Каро достиг конца бревна. И в тот же миг пинком под низ шеи, нанесенным со страшной силой носком ботинка, преследуемый сбросил собаку вниз, а сам спрыгнул по другую сторону строения. Каро, пытаясь защититься, злобно щелкнул челюстями, но зубы скользнули по твердой подошве ботинка. Перевернувшись в воздухе, доберман тяжело грохнулся наземь.

Лукашин подбежал к нему:

— Каро! Голубчик! Неужели разбился?…

И — какое счастье! — Каро поднялся, слегка пошатываясь, отряхнулся и вновь бросился в погоню за врагом.

Удачно, удачно. Обычно большие собаки падают неловко и нередко расшибаются насмерть.

Попытка вывести из строя Каро была последним отчаянным шансом преследуемого.
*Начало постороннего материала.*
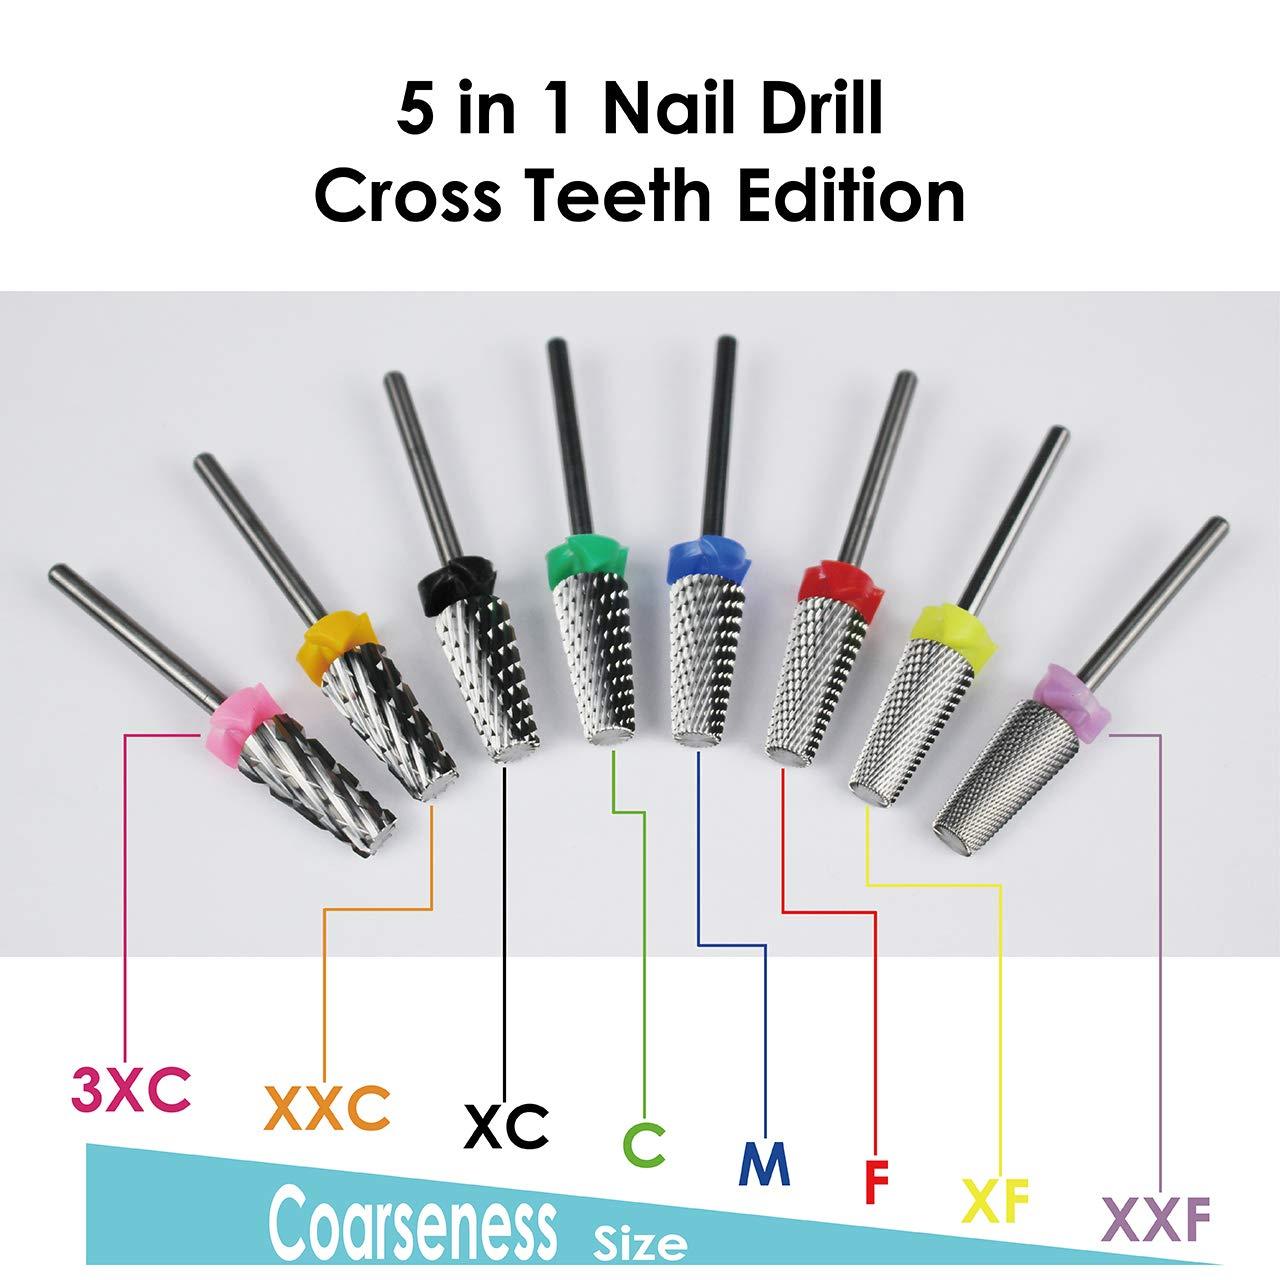 : C & I 5 in 1 Nail Drill Bit, Cross & Slim Edition

Дальше, собственно, бежать было некуда. За строениями начинался обширный заболоченный пустырь. И когда Лукашин с Каро прибежали сюда, они сразу увидели своего противника на открытом пространстве. Погружаясь по колено, тот брел по болоту с искаженным от страха лицом. Руки его тряслись, а рот вместе с хриплым дыханием, брызгами слюны изрыгал гнусные ругательства, словно они могли что-то изменить.

Каро не медлил. Захлюпала вода. Вот он, столкнувший его с крыши! Никуда не ушел! И Каро тут же сполна рассчитался с ним.

Каро кажется легким, изящество сложения и черный окрас скрадывают его силу; а прыгнет на грудь — ударит, как чугунный. Настигнутый дико закричал. Так ему, Каро! В болоте, в черной вонючей жиже — тут ему и конец! Однако — хватит, не увлекайся чересчур, недолго прикончить и совсем. Фу! Веди сюда!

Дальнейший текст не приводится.